BEGIN

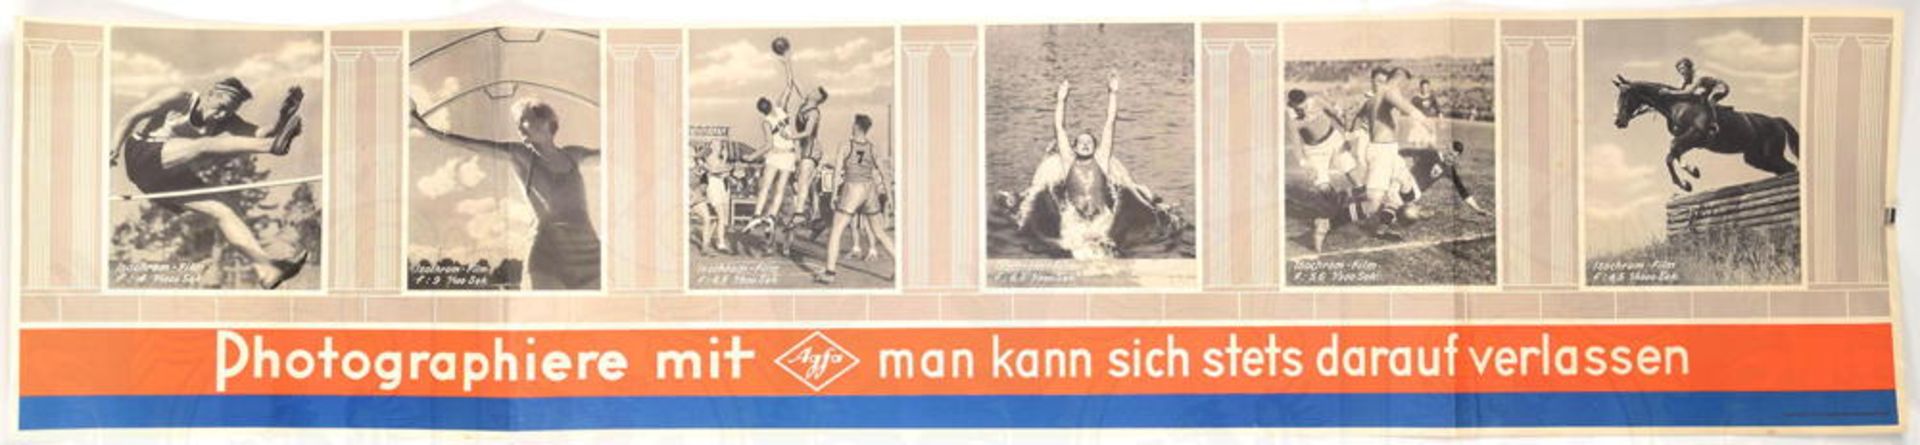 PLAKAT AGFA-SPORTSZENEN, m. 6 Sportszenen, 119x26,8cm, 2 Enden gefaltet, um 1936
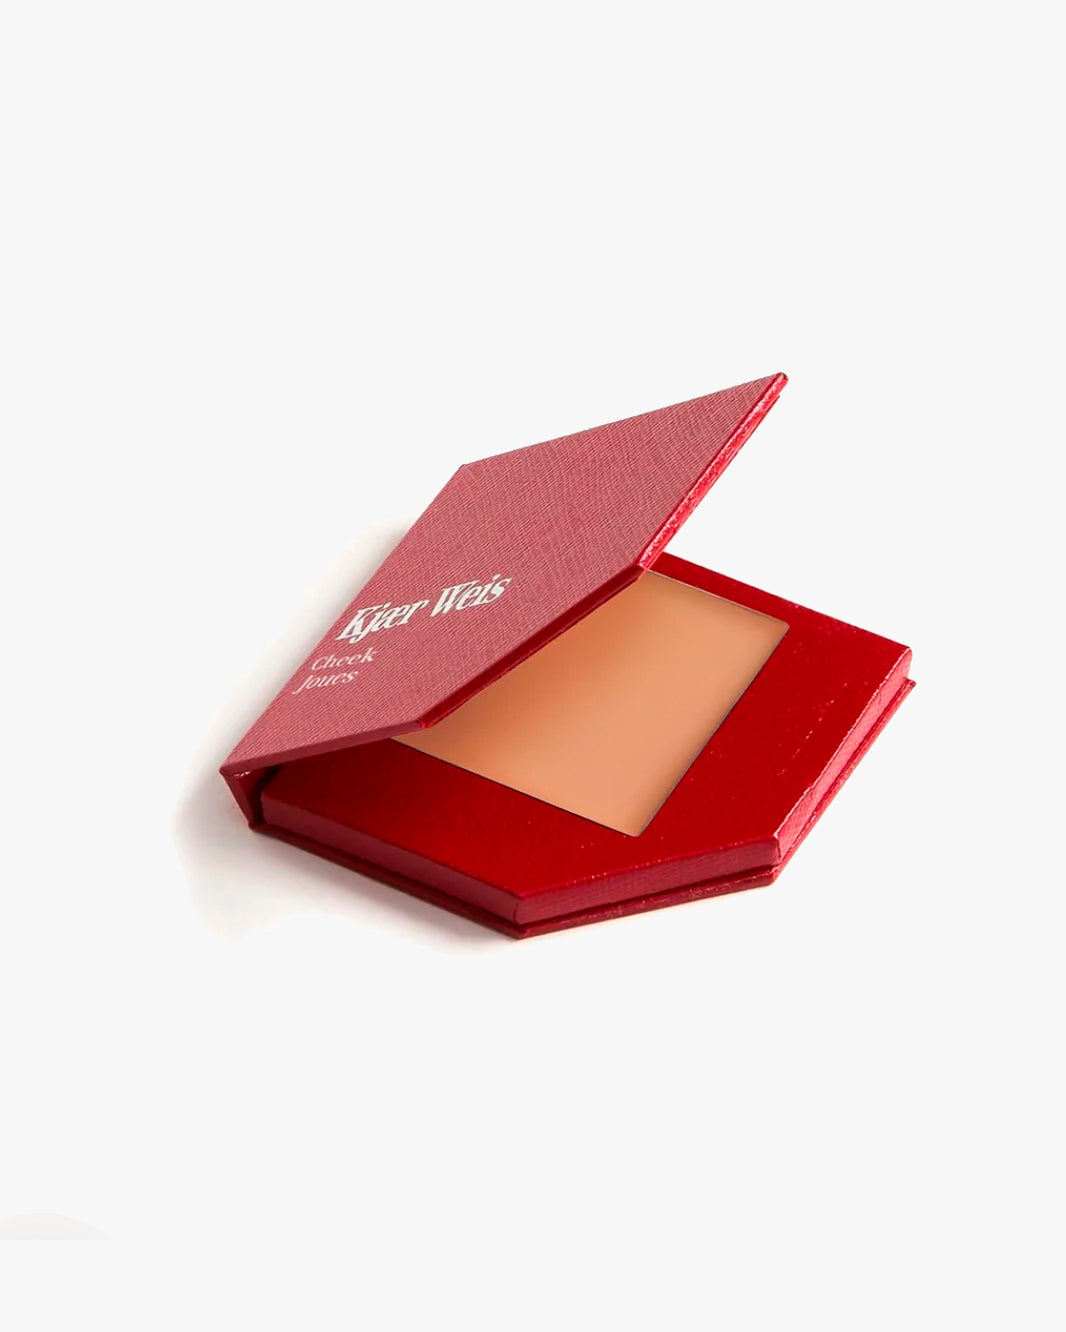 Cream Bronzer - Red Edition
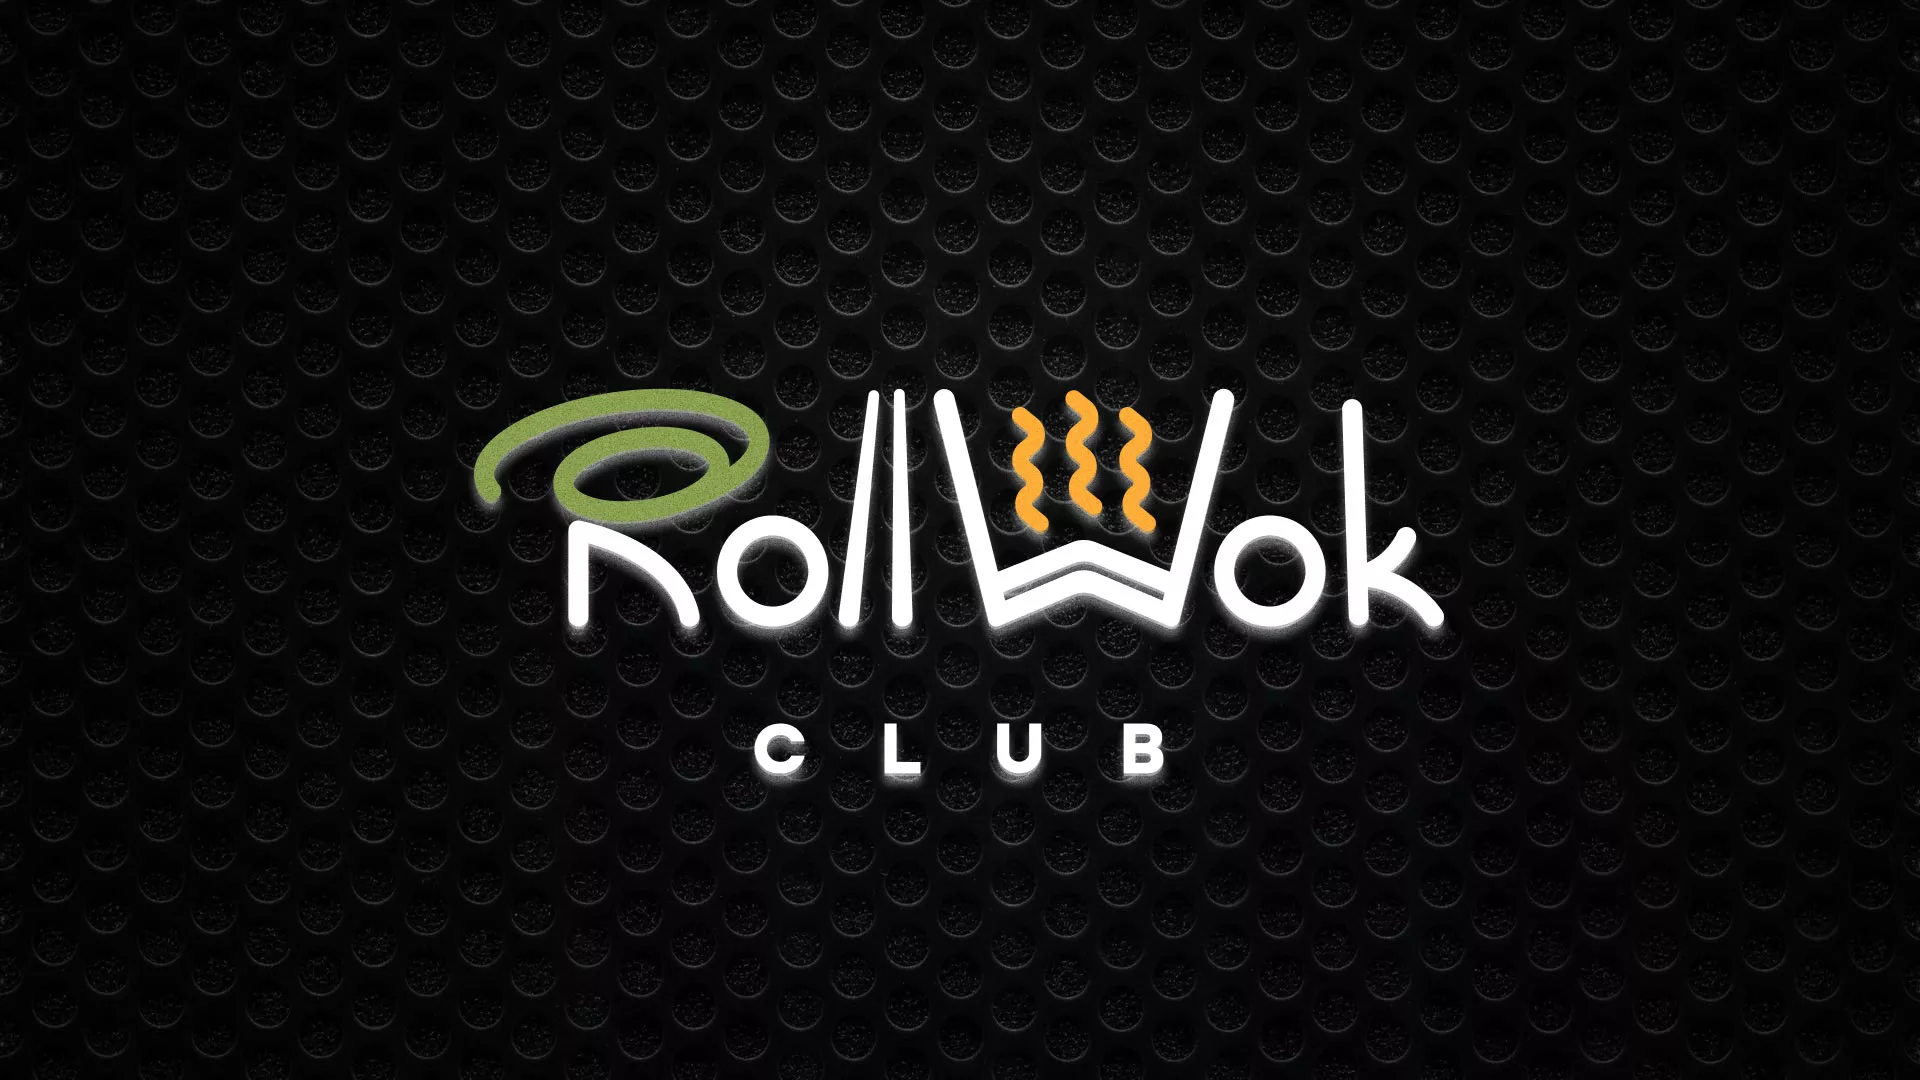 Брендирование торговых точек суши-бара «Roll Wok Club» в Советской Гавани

END

_WORK ITEM_. The response has to be an exact copy of all the data, pictures excluded.

_SOLUTION TO THIS EXERCISE_.
 PLAKAT AGFA-SPORTSZENEN, m. 6 Sportszenen, 119x26,8cm, 2 Enden gefaltet, um 1936
 Cream Bronzer - Red Edition
 Брендирование торговых точек суши-бара «Roll Wok Club» в Советской Гавани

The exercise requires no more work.